Прозвание им было — Овчинниковы. Да тут не в прозвании дело. Главное — что жили очень хорошо. Эдакое хозяйство было — ну, поискать! Скота всякого — коровы, овцы, свиньи!.. Лошадей хороших держали… Старшо́й у них в извоз ходил и большую деньгу зашибал. А середний да меньшо́й дома. Да уж и то сказать — дом! Не всякому и во сне приснится. Что ни строенье, — то загляденье, что ни хлевок, — то теремок! Всяка приче́лина — с резьбой, всяко оконце — с наличником! На эти дела у них меньшо́й мастак был. Топор в руки возьмет — дерево запоет. А уж с долотом да с коловоротом — чисто кружев наплетет. И в городу эдаких мастеров не бывает, а не то что…

Ну, и невестки попались им все хорошие — порядливые бабы, степенные, работящие…

Большуху-то за богатство брали, середнюю — за ум, а третью так — без расчету.

Больно уж полюбилась девка парню, ну и взяли сироту за красоту. Сами и шубу-то ей справили, и сапожки…

Вот и живут, стало быть. Кажный при своем деле. Старшо́й, значит, товары возит. Меньшо́й то да се мастерит. Середний батьке помочь дает. А уж батька всем хозяйством заправляет. Без евонного слова, можно сказать, и куры не несутся.

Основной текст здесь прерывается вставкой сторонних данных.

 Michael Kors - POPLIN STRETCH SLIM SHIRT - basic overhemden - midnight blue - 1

Худа не молвим, а врать не станем, — сурьезный был старик, на́больший-то хозяин. Весь дом у него по струне ходил. Уж на что старшо́й ихний, — небось не малолеток, в почтенных годах, да и где ни побывал, чего ни повидал, — в дальноконечные области хаживал, а при отце и слова сказать не смеет, и глазом не моргнет, как все равно подпасок какой.

Середний — тот похитрей. Он отцу не перечит, а из-под руки на свой лад делает. Да и женка евонная со своим царьком в голове, так и так повернет, а свою пользу наблюдает…

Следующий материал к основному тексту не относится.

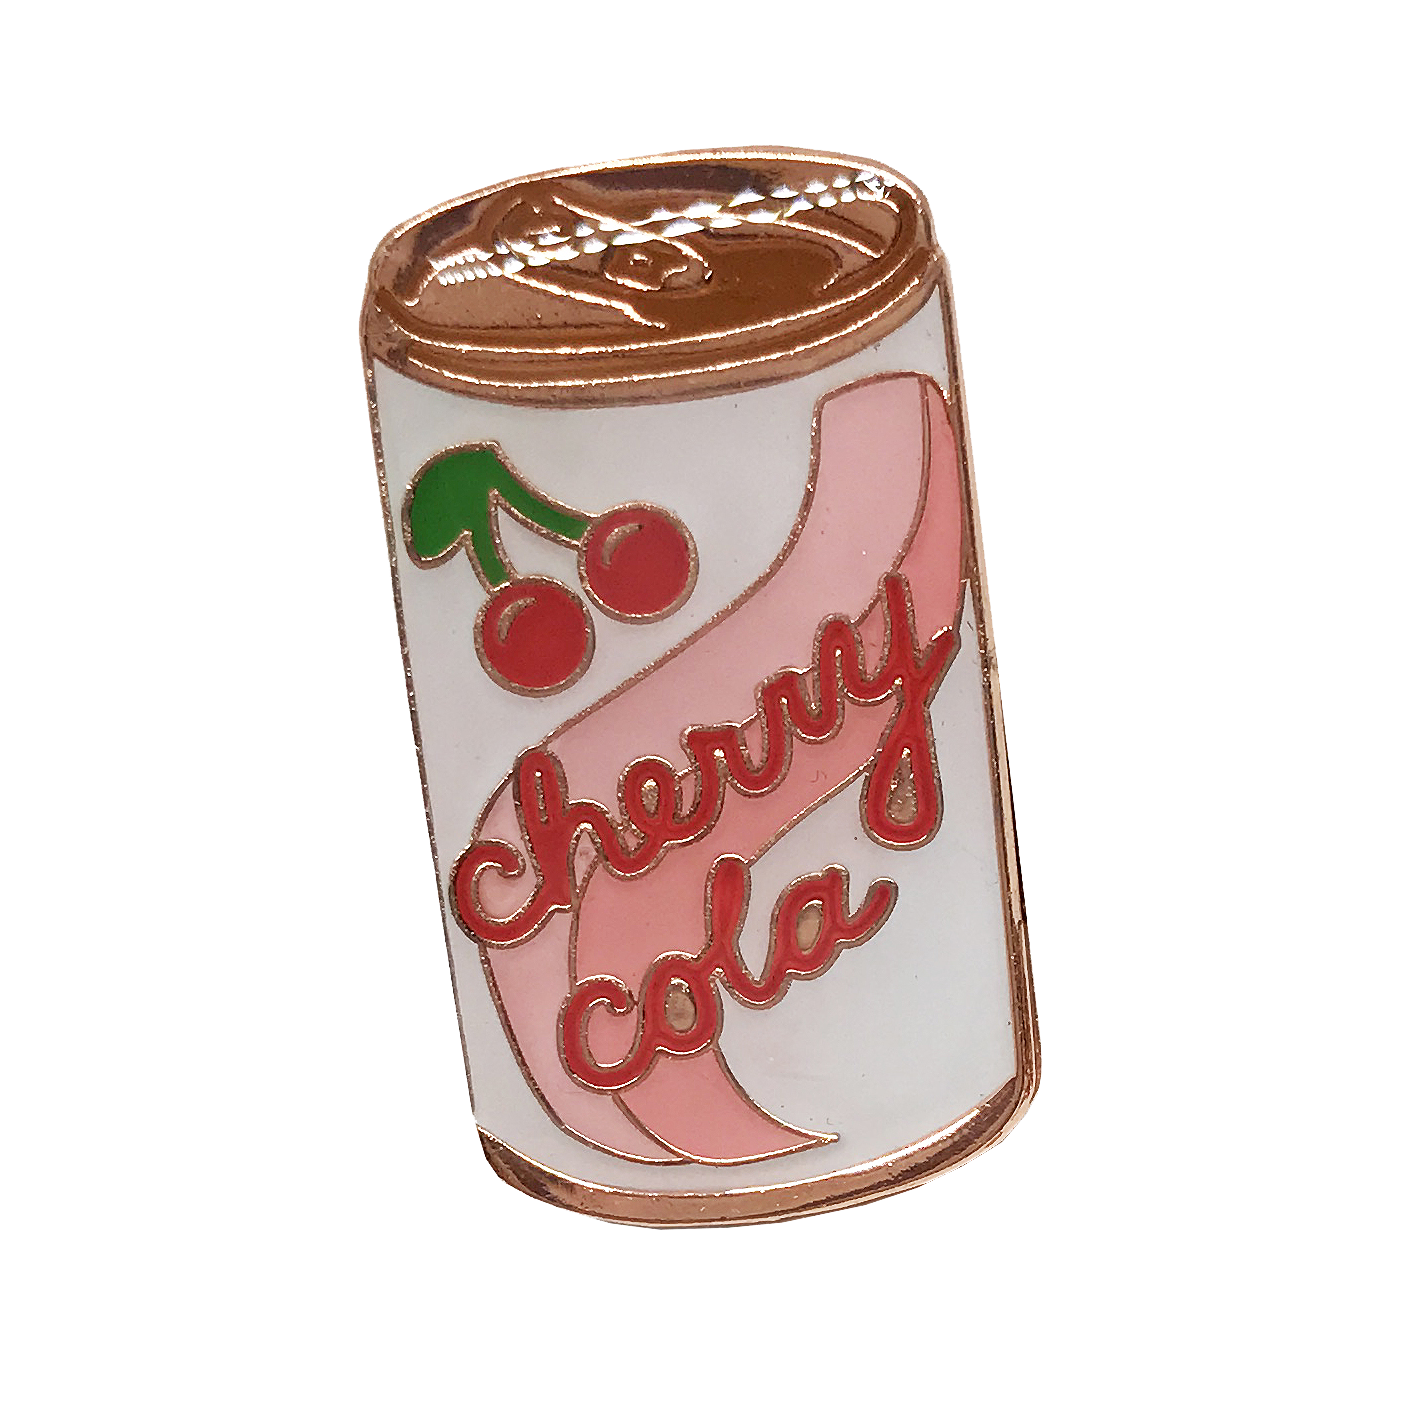 Cherry Cola Lapel Pin

Ну, вот, значит, и живут… Все бы, кажись, хорошо, а невесело в дому. И огонь в печи не ярко горит, и песня не поется, и гостю у них не сидится. А с чего бы? Дом, кажись, полная чаша, и угостят — не пожалеют, и слово тебе приветное скажут, и на почетное место посадят — ан нет, не гостится… У других день проживешь — за час покажется. У этих час погостишь — за день наскучаешься.

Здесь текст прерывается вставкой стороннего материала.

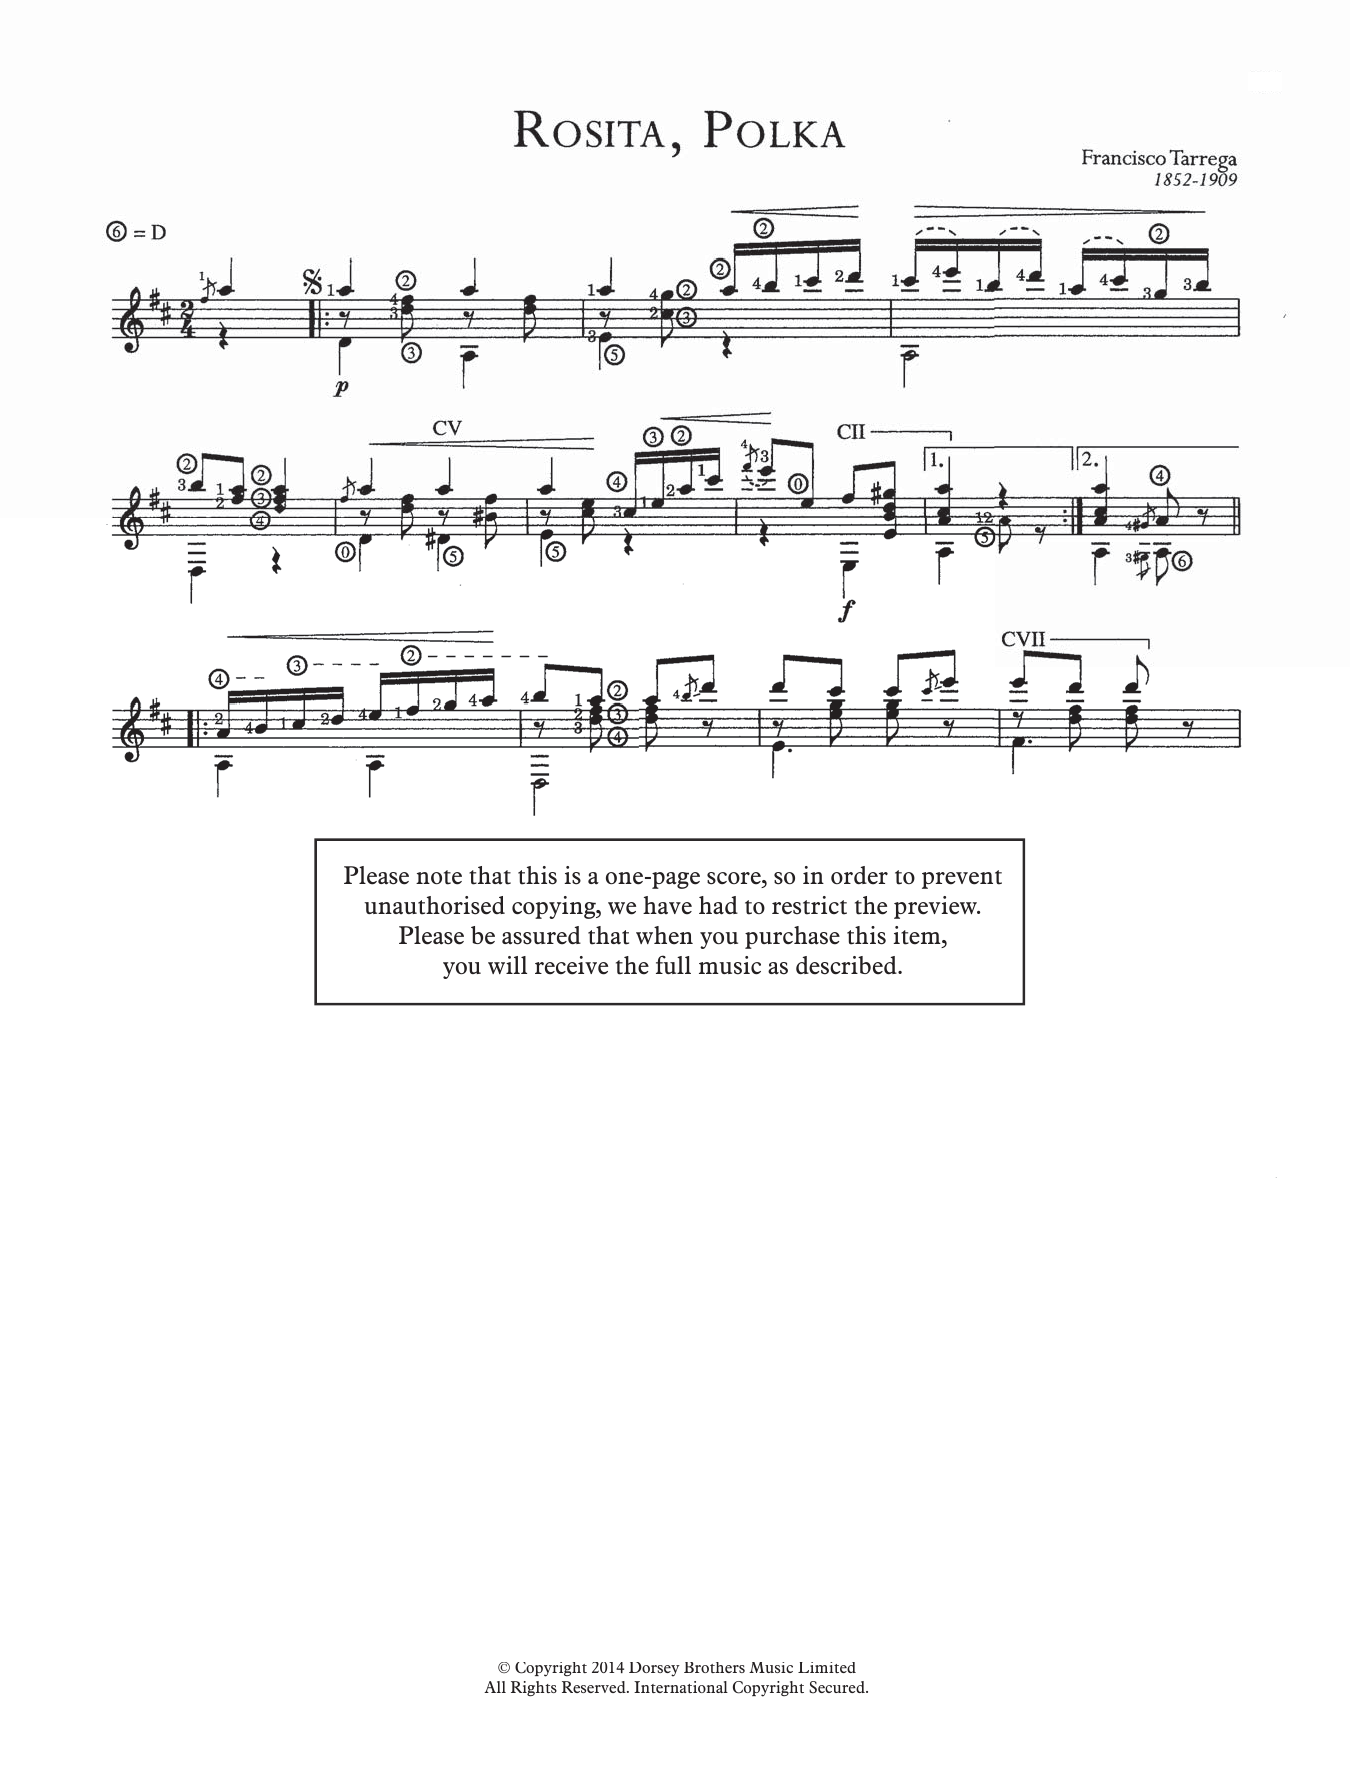 Francisco Tárrega Rosita, Polka Sheet Music Notes & Chords for Guitar - Download or Print PDF

Вот раз, вечерком, — уж хозяева за столом сидели, — постучались к им. Старуха ажно испугалась:

— Ктой-то? К нам ведь не ходят.

Старик меньшо́му мигнул.

Тот вышел, отпер. Заходит к им старенький старичок — просится ночевать.

— Что ж, — говорит хозяин, — ночуй. Места хватит.

Посадили его за стол, накормили. Поел старичок, попил, богу помолился, хозяевам поклонился, да и спрашивает:

— А что это скучно у вас? Ай беда какая приключилась?

— Полно ты! — старуха говорит. — Какая беда? Упаси бог, накличешь!

А старичок только головой трясет.

— Не опасайся, — говорит, — хозяюшка! Я человек веселый. Рука у меня легкая, глаз светлый. Чего нет, того не накличу, а что есть, — то вижу. Уж не прогневайтесь!

Нахмурился хозяин.

— Чего видишь-то? — спрашивает. — Глазеть — на ярманку ступай. А у нас назирать нечего. Сами мы не расписные, а стены у нас не золотые. Живем как люди, да и все тут.

— Ишь ты! — старичок говорит. — Как люди! Слыхали мы такие слова. Да ведь люди-то по-всякому живут — по-хорошему, и по-худому… А глаза человеку на то и дадены, чтобы смотреть да примечать. Вот погляди-тка по сторонам. Может, и сам что углядишь, коли не вовсе слеп.

Удивился хозяин.

— Ты что, — говорит, — блажной, али как? Да я на сем месте век прожил. Кажный сучок в стене знаю — скрозь веки вижу.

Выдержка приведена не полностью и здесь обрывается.